God the Father
Πατήρ — Pater · pah-TAIR
In brief
The Father is the first Person of the Holy Trinity: the unbegotten source from whom the Son is eternally begotten and the Holy Spirit eternally proceeds. He is not older than the Son or greater in divinity — there never was a moment without the Son — but He is the fountainhead of the Godhead's life. Through Christ, the Father of the eternal Son becomes our Father too, and the boldest word in Christian prayer is its first: "Our."
The Father Almighty
The Creed begins where the faith begins: "I believe in one God, the Father Almighty, Maker of Heaven and Earth and of all things visible and invisible." Before "Father" names anything about us, it names an eternal relationship within God: the Father is Father because He has a Son — not by adoption, not from some point in time, but from all eternity. The title "Almighty" (in Greek Pantokrator, "ruler and sustainer of all") confesses that everything that exists, seen and unseen, hangs on His will and is held in His hands.
We do not deduce the Father; the Son reveals Him. "Neither knoweth any man the Father, save the Son, and he to whomsoever the Son will reveal him" (Matthew 11:27). Everything Jesus does is a portrait of the Father — so much so that He can say, "he that hath seen me hath seen the Father" (John 14:9). When the Church wants to know what the Father is like, she looks at the father in Christ's parable who catches sight of his returning prodigal "a great way off" and runs to him. And because we are joined to the Son, His Father becomes ours: Christians dare to open their prayer with "Our Father which art in heaven" (Matthew 6:9).

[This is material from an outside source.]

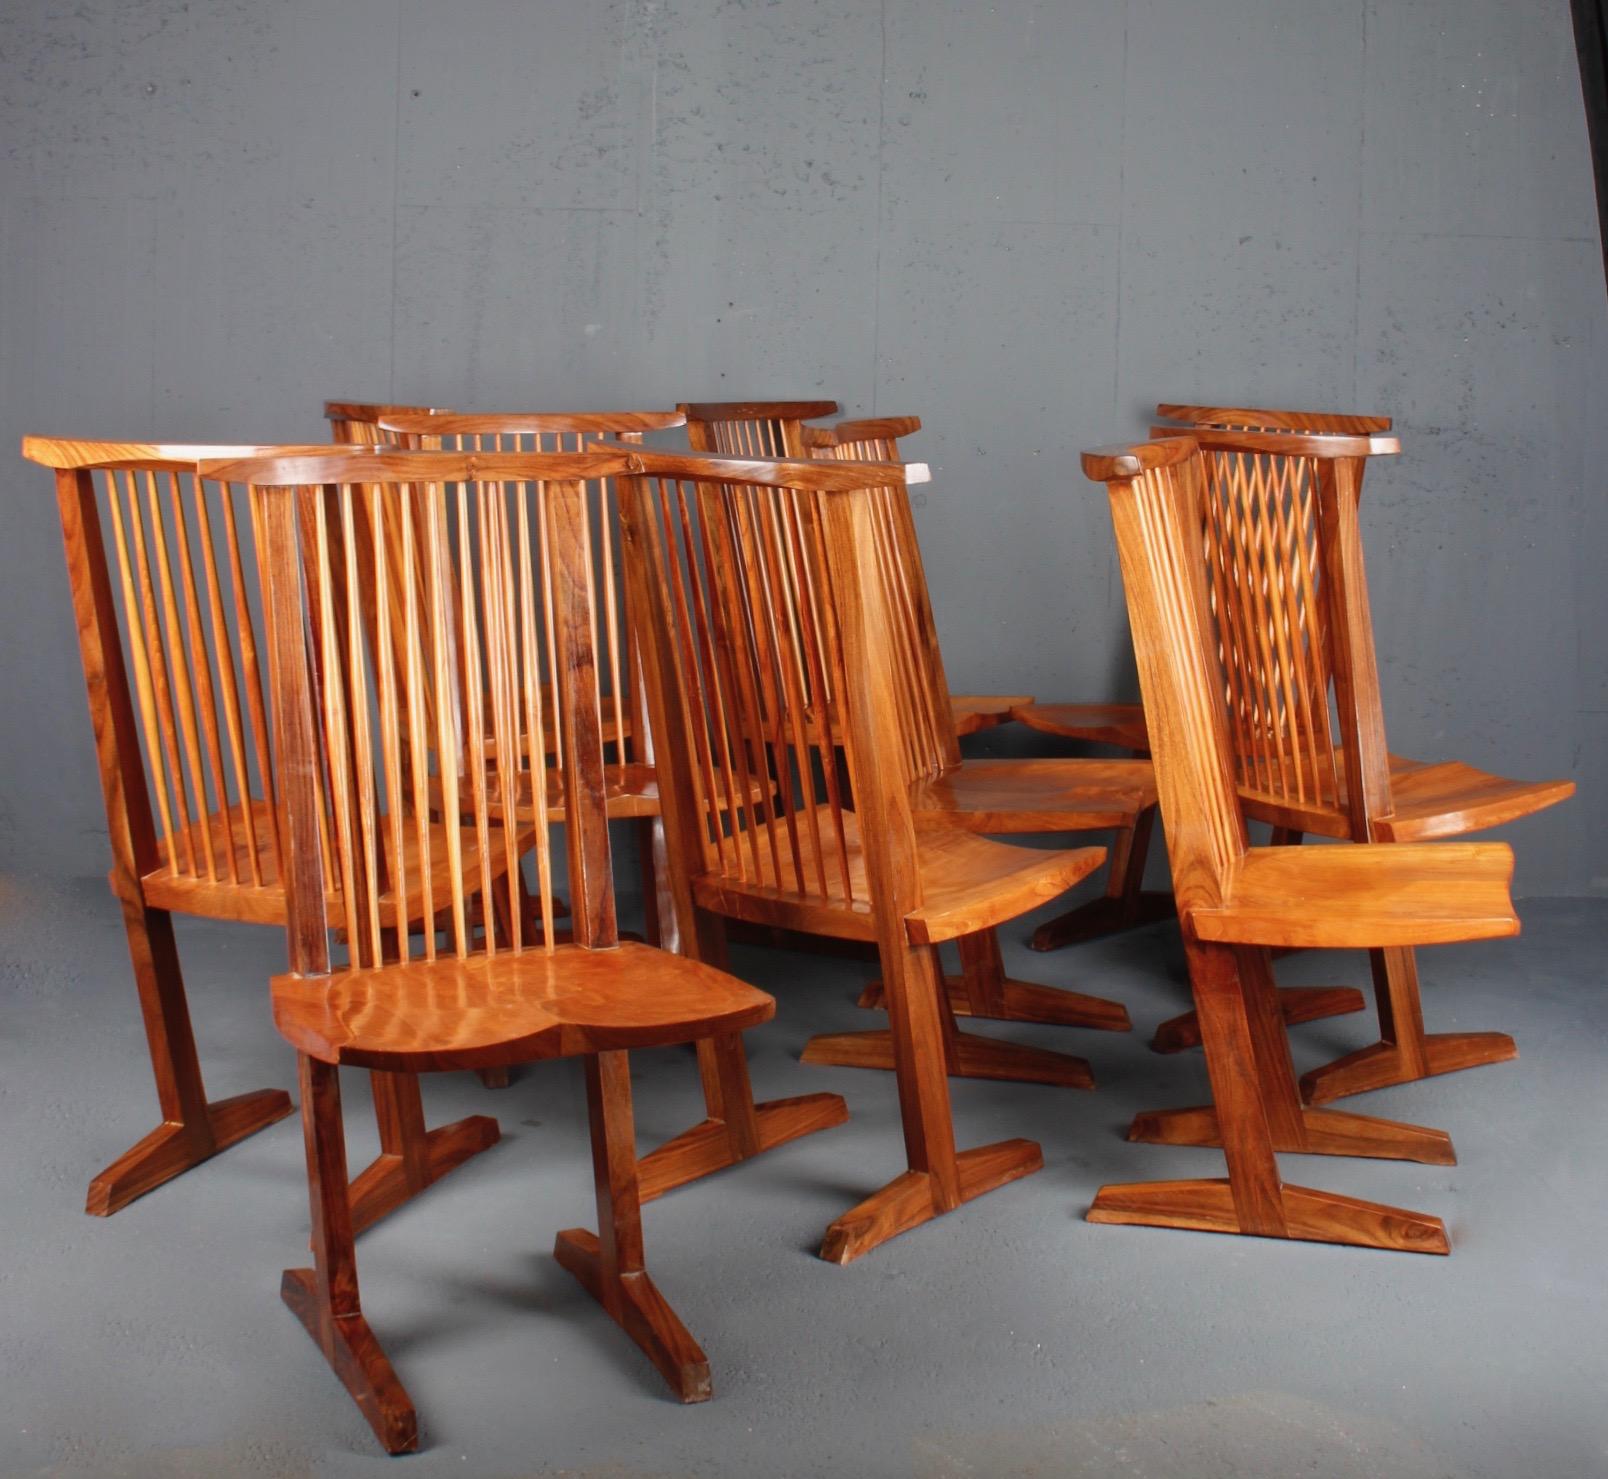 Vintage Set of 12 Conoid Chairs, after George Nakashima 1

Source of the Son and the Spirit
Orthodox theology calls the Father the arche — the "beginning" or principle — within the Holy Trinity. The Son is eternally begotten of the Father; the Spirit eternally proceeds from the Father, as Christ Himself says of "the Spirit of truth, which proceedeth from the Father" (John 15:26). St. John of Damascus states it plainly: "The Father is one Father, and without beginning, that is, without cause: for He is not derived from anything." The Son and the Spirit are not thereby less than the Father — each is fully God, possessing the whole divine essence — but they are God from the Father, as light is from a lamp, while the Father is God from no one.
This teaching, called the monarchy of the Father, is how Orthodoxy answers the oldest question about the Trinity: if the Father, Son, and Spirit are each fully God, why are there not three gods? Because the unity of God is personal before it is arithmetical — one God because one Father, from whom the Son and Spirit eternally are, sharing His one essence. St. Paul confesses in exactly this shape: "to us there is but one God, the Father, of whom are all things... and one Lord Jesus Christ, by whom are all things" (1 Corinthians 8:6). It is also why the Filioque — the later Western addition confessing the Spirit's procession "from the Father and the Son" — matters so much to the Orthodox: it touches the very structure of the Trinity's life.
Not an old man in the sky
The Father has no body, no beard, no throne room above the clouds. "No man hath seen God at any time; the only begotten Son, which is in the bosom of the Father, he hath declared him" (John 1:18). For this reason the dominant Orthodox iconographic tradition does not depict the Father: what has never been seen cannot be painted, and images of Him as a white-haired elder, where they crept in, have been repeatedly discouraged. The Father is made known in His Son, who is His true and exact image — and He is approached, beyond every image and concept, in the reverent unknowing the Church calls apophatic.
What may be said without hesitation is that the Father is good, and the giver of every good: "Every good gift and every perfect gift is from above, and cometh down from the Father of lights" (James 1:17). The whole economy of salvation begins in His love — He sends the Son, He sends the Spirit, and the end of all things is that His children come home to Him. Orthodox worship never forgets this grammar: the Church's central prayers are addressed to the Father, through the Son, in the Holy Spirit.